Searching and Category/Ontology Development
- Control panel: loading papers from existing corpora into a viewer, incorporation of PubMed queries; search results will be used to import full text from PMC or journal site
- Searches - existing corpora, list of external identifiers, combination of both
- External identifiers - which ones? PMIDs, doi's, MOD paper IDs, others?
- Use case: Perform a PubMed search and then port the resulting IDs to a Textpresso search
- Paper Exclusion List - user supplied, from external data file, e.g. Gene Ontology Annotation File (gaf)
- Use cases: TAIR CCC black list and filtering based upon papers already annotated with Component term in gaf file
- External identifiers - which ones? PMIDs, doi's, MOD paper IDs, others?
- Categories and Keywords
- Organization of categories by task? e.g. GO curation, Phenotype curation, Expression patterns, etc.
- Create and display category metadata - source, possible use, version, last updated
- Restrict search to a subset of a category
- Use case: FlyBase CCC search using only gene names that start with CG
- How quickly could new searches be performed with modified categories
- Search Filters
- Bibliographic filters - year, journal, paper type, etc.
- Data Type Flagging - NLP results - data models and storage
- Development of NLP toolbox: pattern matching, statistics, svm, hmm, crf
- Index of all NLP results for faster querying
- Display most current precision and recall statistics so users can assess the accuracy of an NLP tool
- Data Type Flagging - author or curator flags
- Information stored in postgres on tazendra
- Textpresso search score cut-off - view scores (mean, range) for curatable papers (this would depend on search criteria)
- Use case: search all SVM predicted negatives and return those papers with a score >n
- Curation Status - integration with curation databases - which ones?

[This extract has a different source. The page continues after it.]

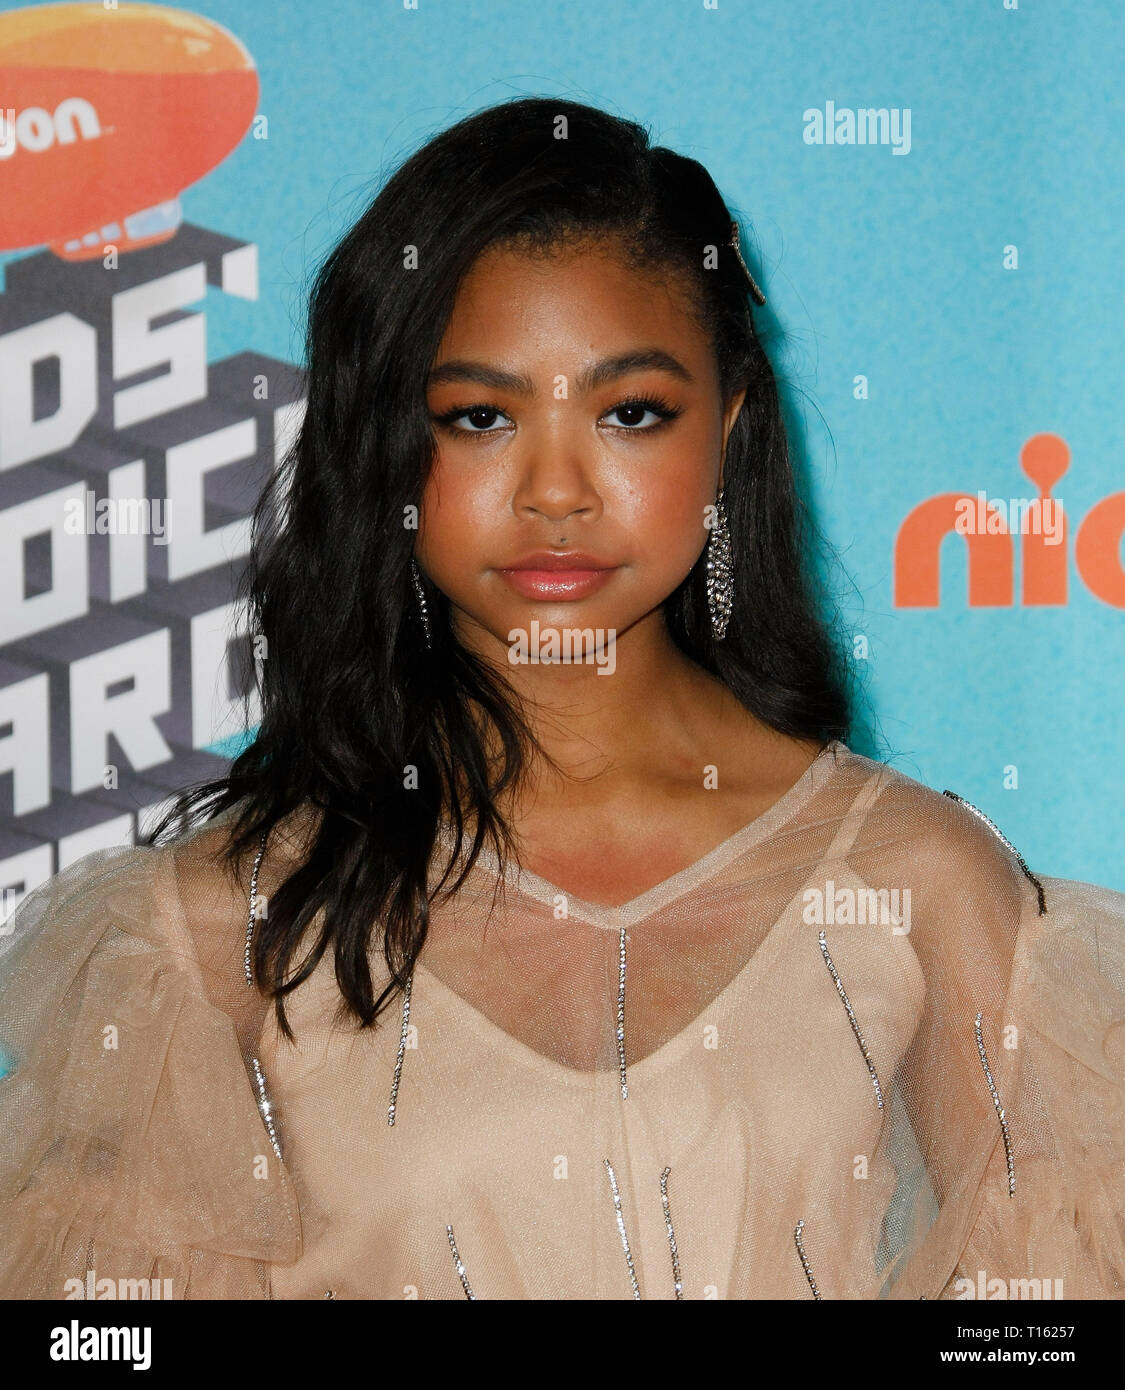 Los Angeles, USA. 23rd Mar, 2019. Navia Robinson attends Nickelodeon's 2019 Kids' Choice Awards at Galen Center on March 23, 2019 in Los Angeles, California. Photo: imageSPACE Credit: Imagespace/Alamy Live News Stock Photo

- View previously made annotations - source? tie to a sentence where possible?
- Robust back-end infrastructure with internal Textpresso database holding all annotations
- Adapt data models and tables from postgres curation database on tazendra?
- Robust back-end infrastructure with internal Textpresso database holding all annotations
- Textpresso Category and Ontology viewer and editor
- Stand-alone or interface with curation or both
- Incorporate statistical analyses (word frequency in positive vs negative sentences, how often is a term the only one from a given category, etc.)
Viewing Search Results
- Viewer: selecting terms, importing them into OA, prepopulating entries of forms; display results from NLP tools; initiate new NLP analyses (pattern matching, statistical, machine learning)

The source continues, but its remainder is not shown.